The Development of an Instrument that Assesses the Verbal Operants of Military Service Members and Veterans with Traumatic Brain Injury: An Update on the VOCAL-MilVet
ALEXANDER BRITT (George Mason University), Kent Corso (NCR Behavioral Health, LLC), Theodore A. Hoch (George Mason University), Rekha Sharma (George Mason University), Adam Dreyfus (Sarah Dooley Center), Mark R. Clingan (WVU - CED Retired)
Abstract: The Verbal Operant Channel Assessment of Language for Military and Veterans (VOCAL-MilVet) is an instrument which assesses the verbal repertoires of military and non-military adult survivors of acquired brain injury, stroke, TBI, or other neurological assault. VOCAL-MilVet shares a similar format as the Behavioral Language Assessment and the Assessment of Basic Language and Learning Skills (Sundberg & Partington, 1998), which offers precise assessment of verbal repertoires and yield precise instruction in verbal repertoires for children and adults with autism and other disabilities, and revolutionized how verbal behavior is assessed and taught for these populations.

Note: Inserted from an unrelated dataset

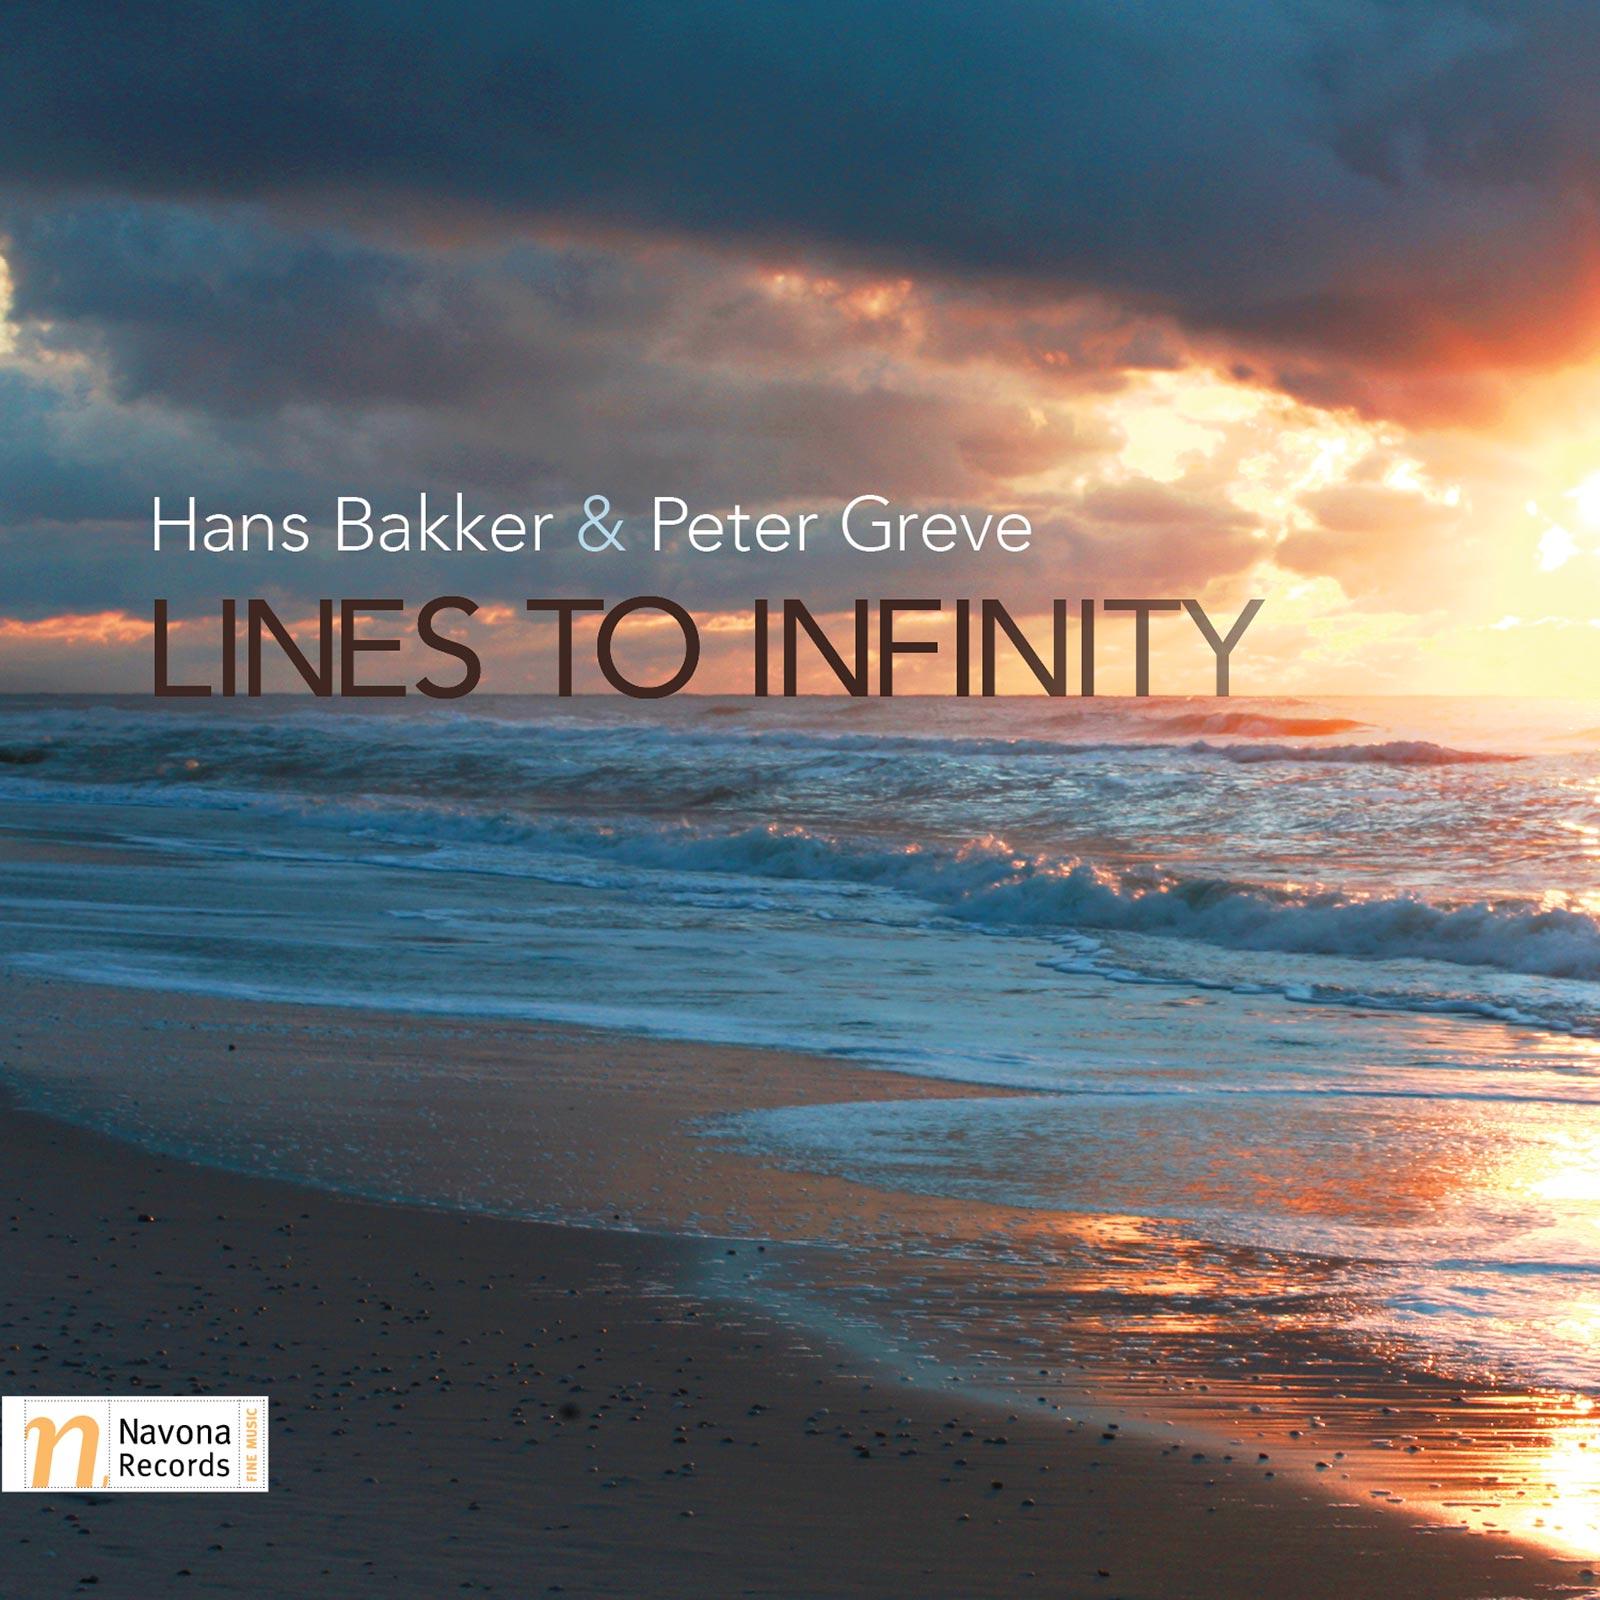 LINES TO INFINITY - album cover

Considering that the wars since 9/11 have resulted in over 253,000 traumatic brain injuries (TBI; Congressional Research Service, 2013) revolutionizing how verbal behavior is assessed and taught in the military and veteran population would also be beneficial. Methods for assessment and remediation of verbal repertoires for these adults is currently limited to speech and language pathology services. Actually, no behavior analytic services are even available officially or unofficially within the Department of Defense or the Department of Veteran Affairs. We describe the process of item development, and share matching to sample task content, while also describing the challenges and progress associated with this instrument’s development.
Suicide Prevention Program Outcome Evaluation using the Standard Celeration Chart and Single-Case Research Design
KENT CORSO (NCR Behavioral Health, LLC)
Abstract: In 2010 U.S. civilian suicides equaled 38,364—the total U.S. population was 308,745,538, which equals a crude rate of 12.4. Since 2001 military suicides have increased, and in 2010 equaled 17.4, which is considerably higher than the civilian rate (National Center for Telehealth and Technology, 2011). The author charts military suicides since 9/11 across multiple military services and displays these trends. Clearly the SCC can be used as part of any treatment (i.e., to track the rate at which suicidal symptoms change prior to a death by suicide), which would bolster current methods used in contemporary suicidology. Yet, utilizing the SSC as a program outcome evaluation tool for military suicide prevention programs fulfills an unaddressed need. The Defense Department as of 2013 spent 107 million dollars on suicide prevention (Rand, 2014), but no military service currently conducts formal program outcome evaluation other than the rudimentary tracking suicides overtime and drawing conclusions annually. The author describes using the SSC as a program outcome evaluation tool for military suicide prevention programs. Single case research design is leveraged to overcome limitations of statistical power in examining suicide trends. Current methods, challenges, and progress of this work are discussed.